■ Work task: With pictures left out, output exactly the lines from the line holding "Pola gadis ilustrasi" through the end of the data, both included.

■ Supplied information:
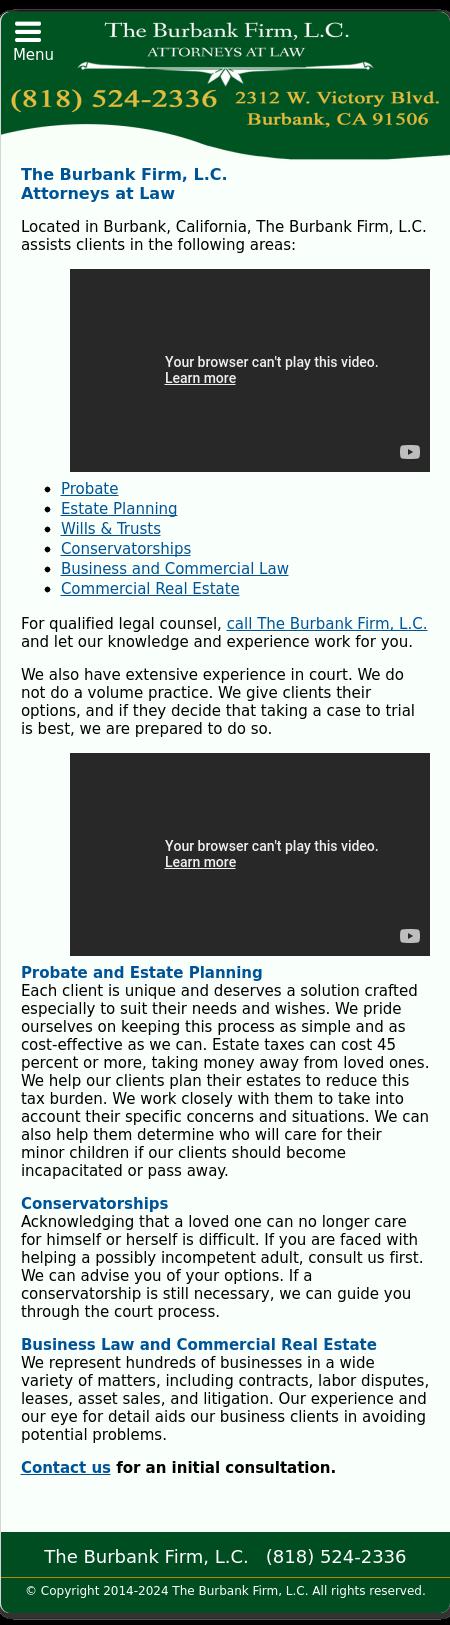 The Burbank Firm L.C. - Burbank CA Lawyers
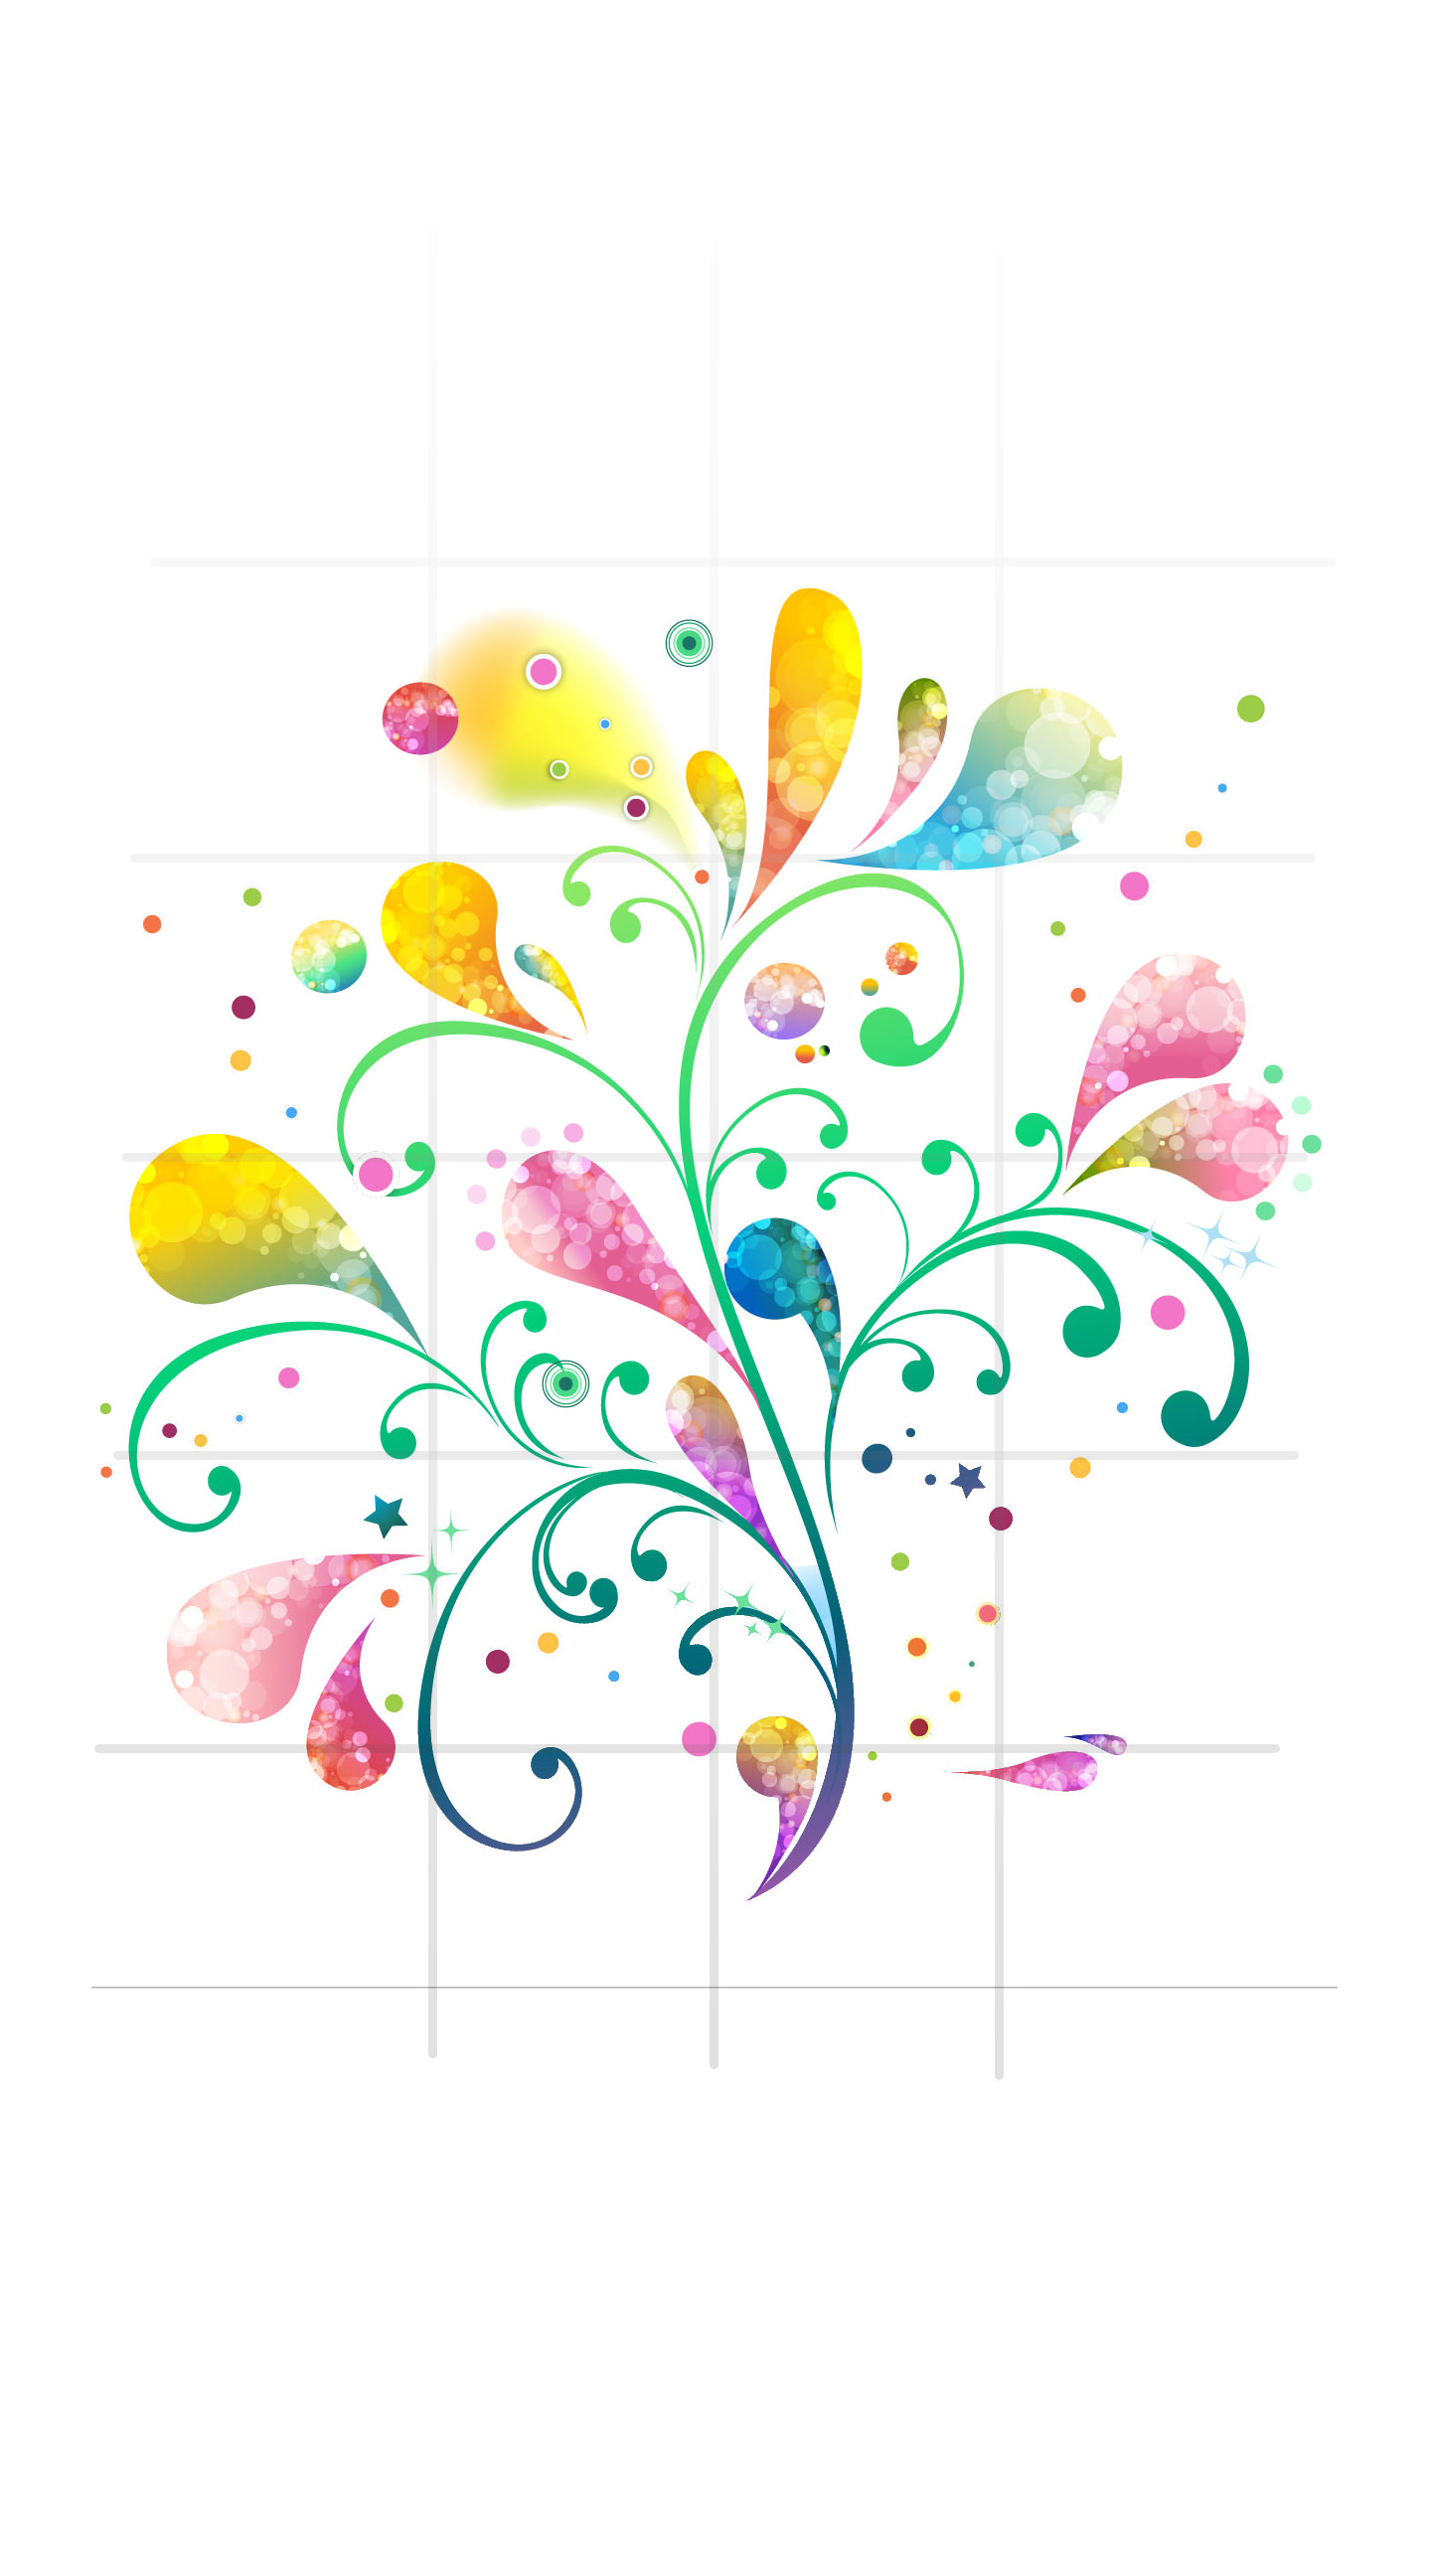 Pola gadis ilustrasi bunga dan wanita untuk rak berwarna-warni
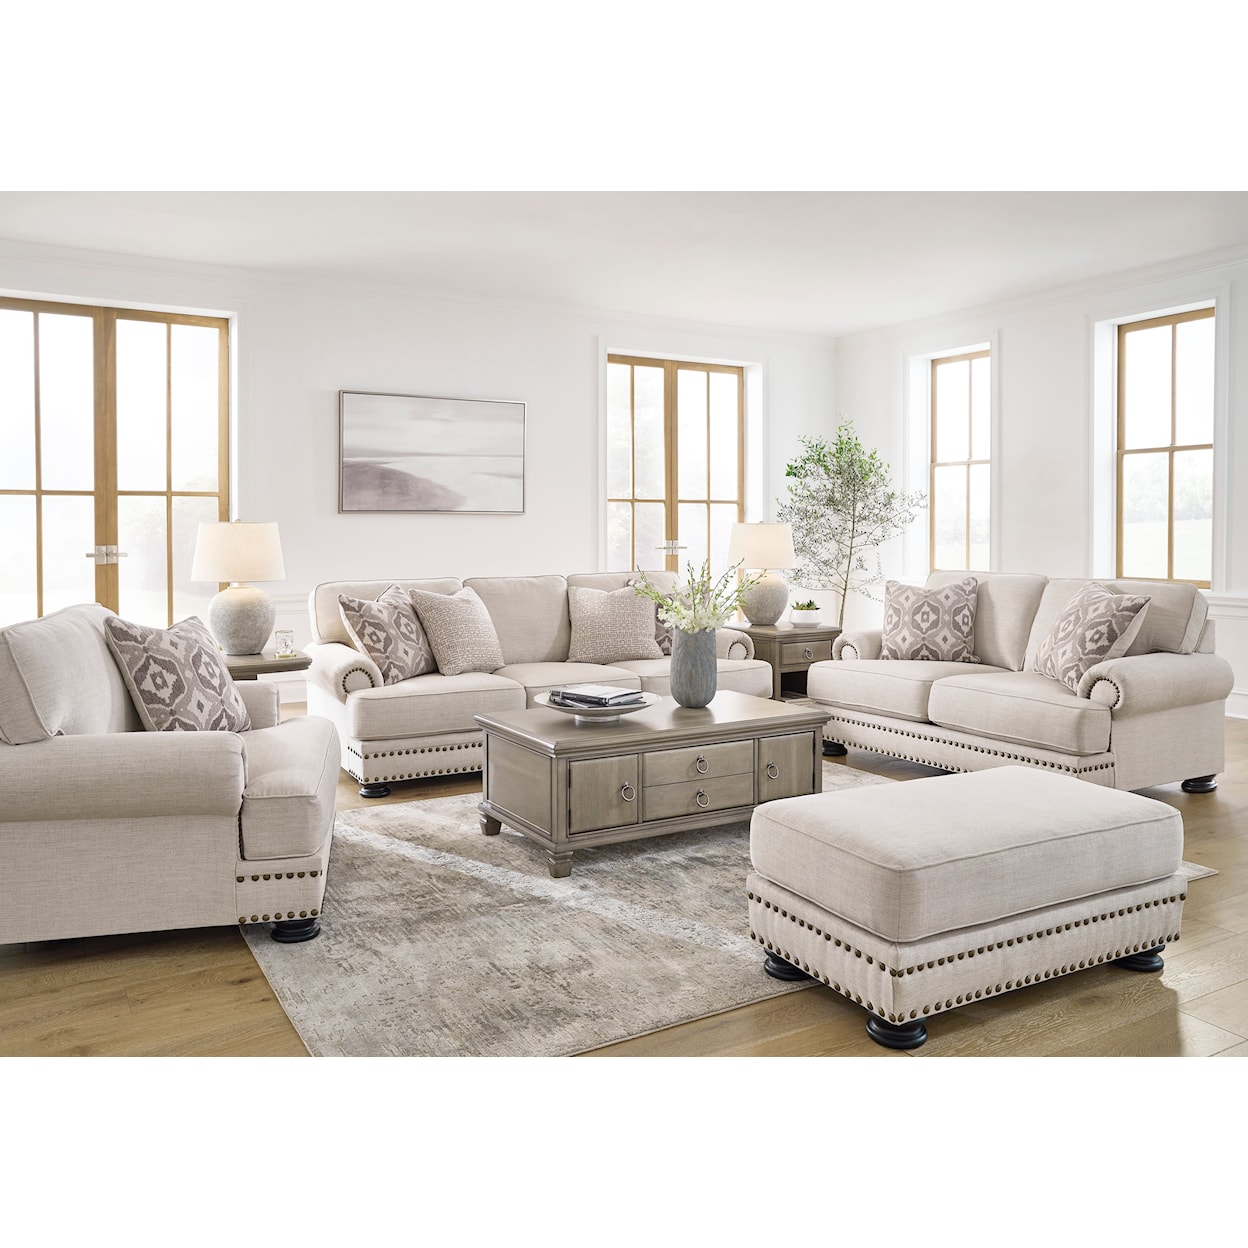 Ashley Furniture Benchcraft Merrimore 2-Piece Living Room Set

■ Answer to the exercise:
 Pola gadis ilustrasi bunga dan wanita untuk rak berwarna-warni
 Ashley Furniture Benchcraft Merrimore 2-Piece Living Room Set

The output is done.